There are no fewer than 40 memoirs of Lavoisier in the volumes of the Academy of Sciences from 1772 to 1793, full of the grand phenomena of the science; such as the analysis of atmospheric air, the formation of elastic fluids, the properties of the matter of heat, the composition of acids, the decomposition of water, &c., &c. To the sciences, arts, and manufactures, he rendered the most essential services, both in a public and private capacity. After Buffon and Tillet, he was treasurer to the academy, into the accounts of which he introduced both economy and order. He was consulted by the national convention as to the most eligible means of improving the manufacture of affigants, and of augmenting the difficulties of forging them. He turned his attention also to political economy, and between 1778 and 1785, he allowed 240 arpent in the Vendômois to experimental agriculture, and increased the ordinary produce by one half. In 1791, the constituent assembly invited him to draw up a plan for rendering more simple the collection of the taxes, which produced an excellent report, printed under the title of Territorial Riches of France.

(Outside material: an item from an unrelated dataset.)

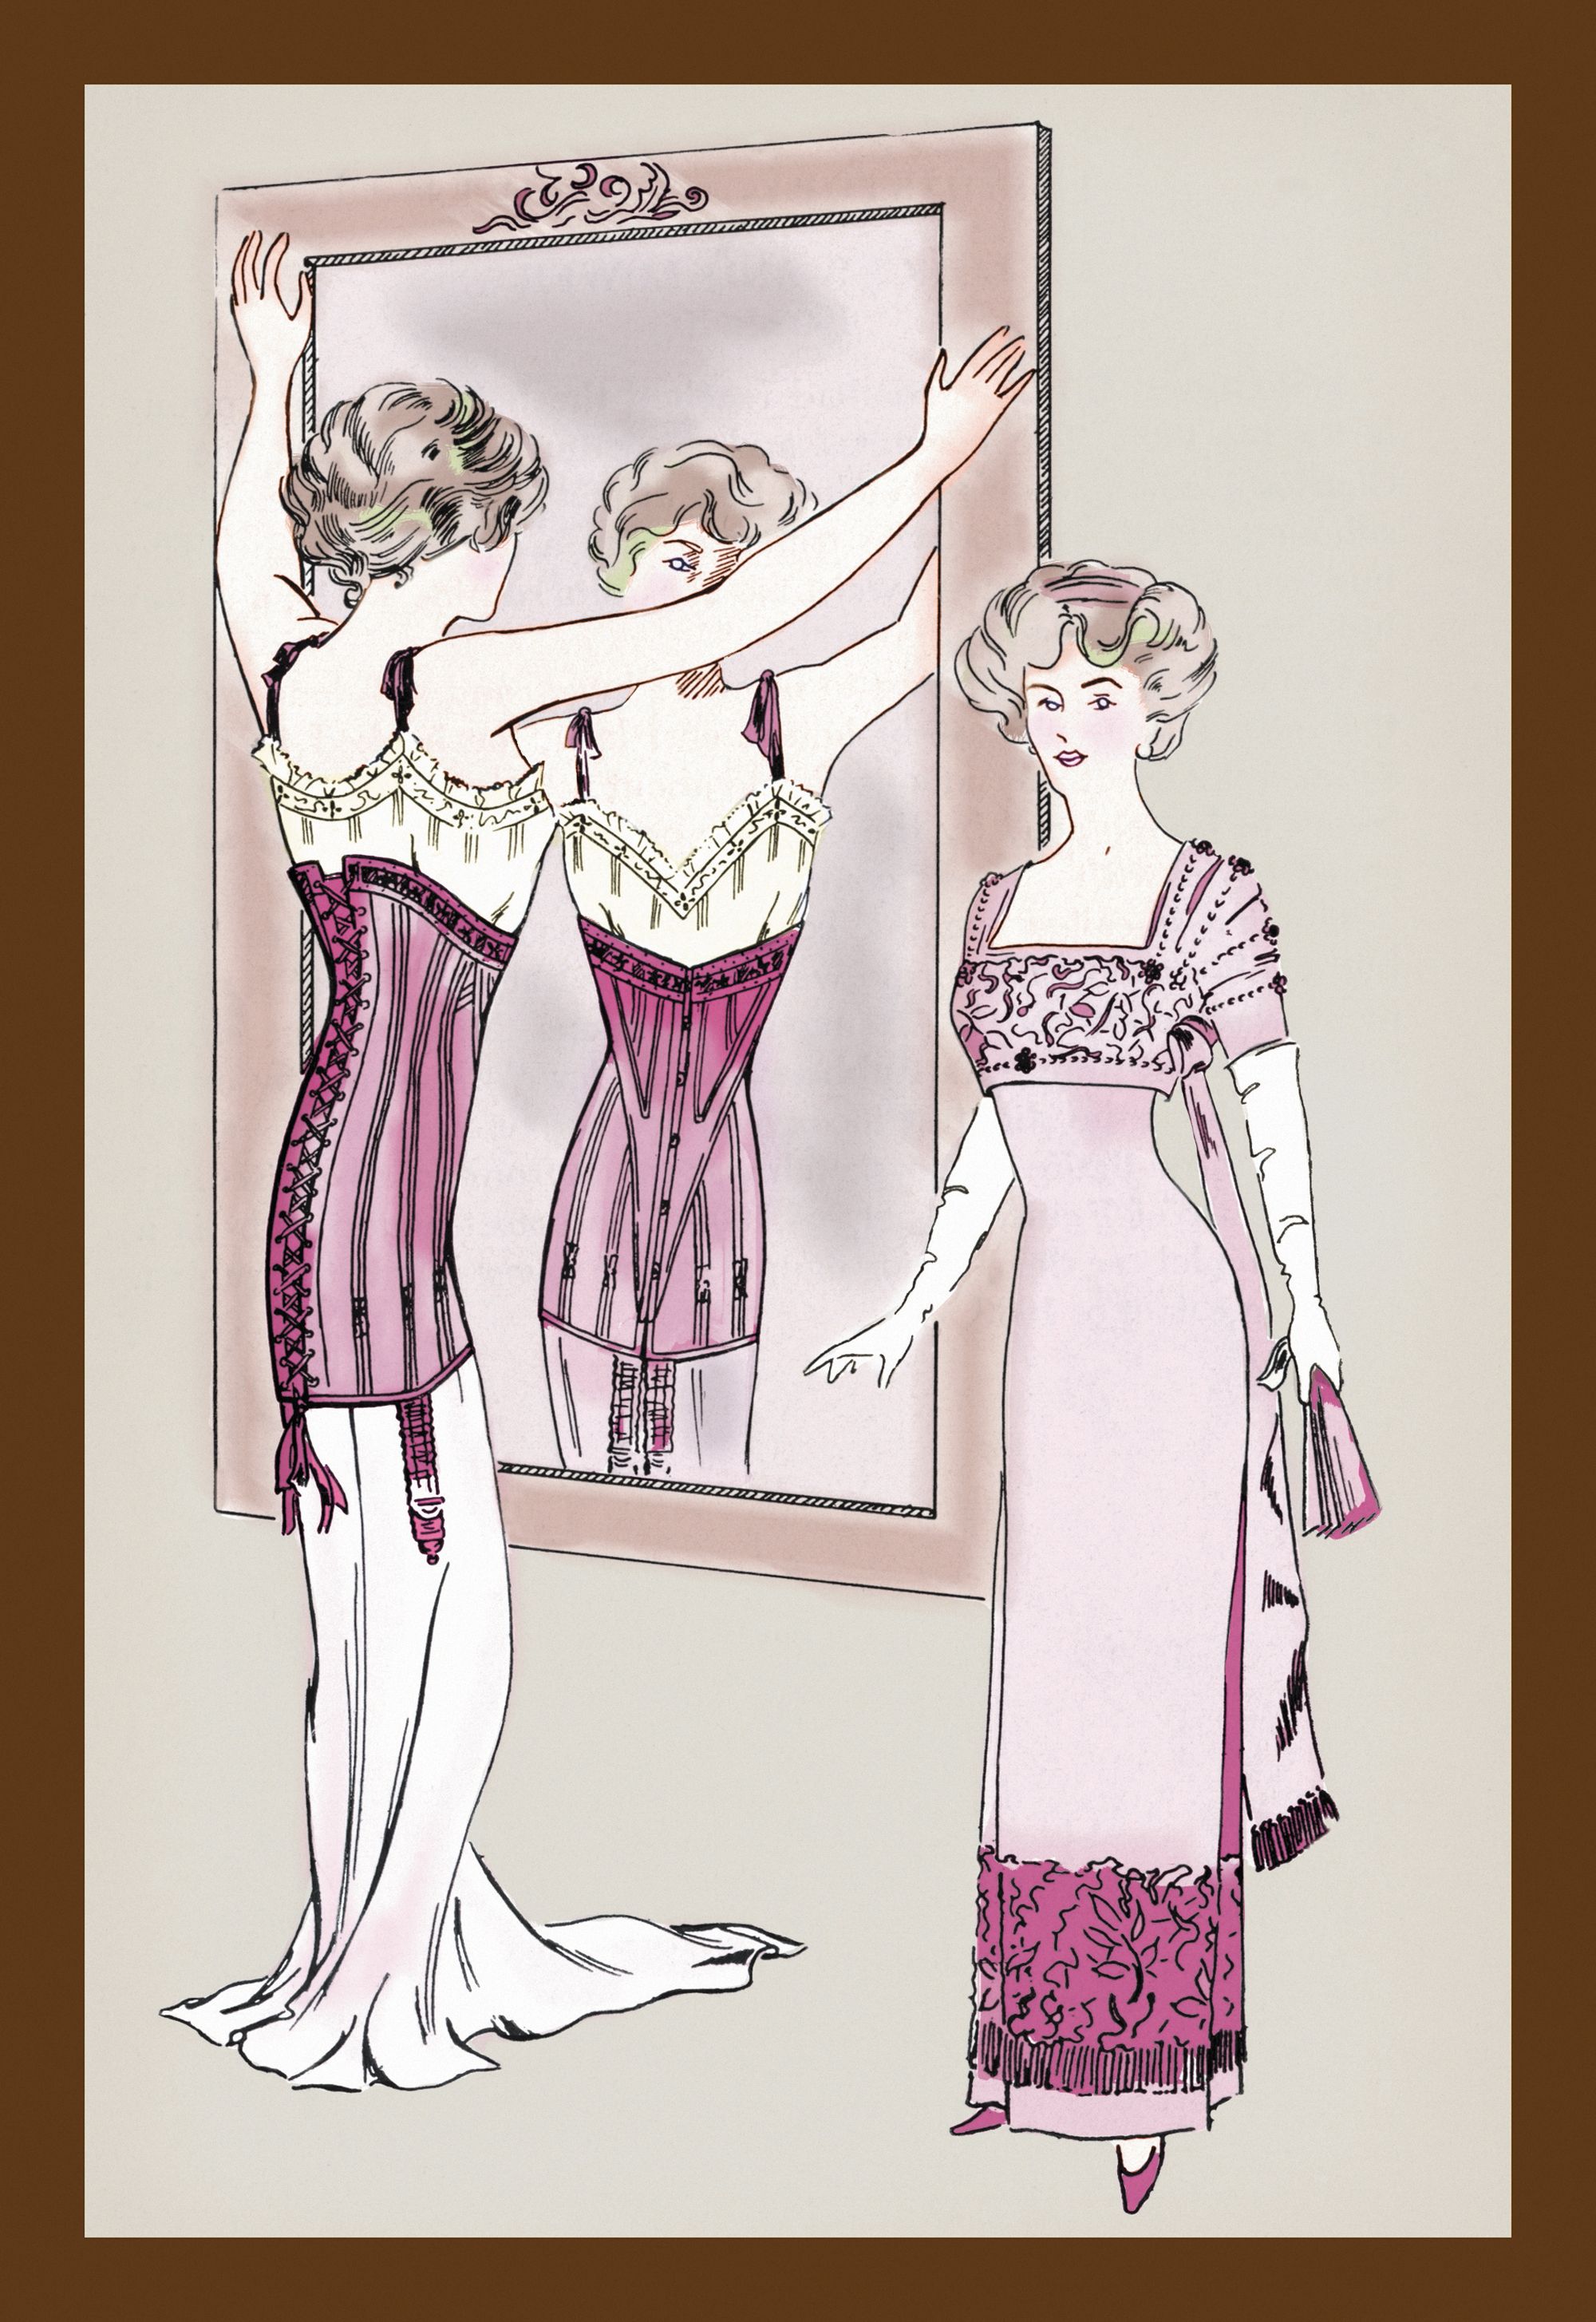 National Lingerie Day: How Underwear Has Evolved Through the Years

While the horrors of Robespierre's usurpation continued, he used to observe to Lalande that he foresaw he would be deprived of all his property, but that he was extremely willing to work for his subsistence; and it is supposed that he meant to pursue the profession of apothecary, as most congenial to his studies. But the unrelenting tyrant had already fixed his doom. He suffered on the scaffold with 28 farmers-general on the 8th of May 1794, for no other crime but because he was opulent. A paper was presented to the tribunal, drawn up by Citizen Hallé, containing a description of the works, and a recapitulation of the merits, of Lavoisier, sufficient to make an impression on the most obdurate heart; but it was not even read by these men, who were the blind, stupid, and ferocious instruments of cruelty and death.
A man so rare and so extraordinary ought to have enjoyed the respect of the most ignorant, and even the most wicked. To produce the contrary, it was necessary that power should fall into the hands of a tyrant who respected none, and whose blind and fanatical ambition sacrificed every thing to the desire of pleasing the people.
Lavoisier was tall, and possessed a countenance full of benignity, through which his genius shone conspicuous. As to his character, it was mild, humane, sociable, obliging; and he discovered an incredible degree of activity. He had great influence on account of his credit, fortune, reputation, and his office in the treasury; but all the use he made of it was to do good; yet this did not prevent jealousy on the part of others. In 1771 he married Marie-Anna-Pierrette-Paulze, the daughter of a farmer-general, whose excellent accomplishments formed the delight of his life, who assisted him in his labours, and even drew the figures for his last work. She had the misfortune to behold her father, husband, and intimate friends, assassinated in one day; she was herself imprisoned, and even menaced with a similar fate; but the unshaken fortitude of her mind made her rise superior to the horrors of her condition. We learn that she has since given her hand to the celebrated Count Rumford.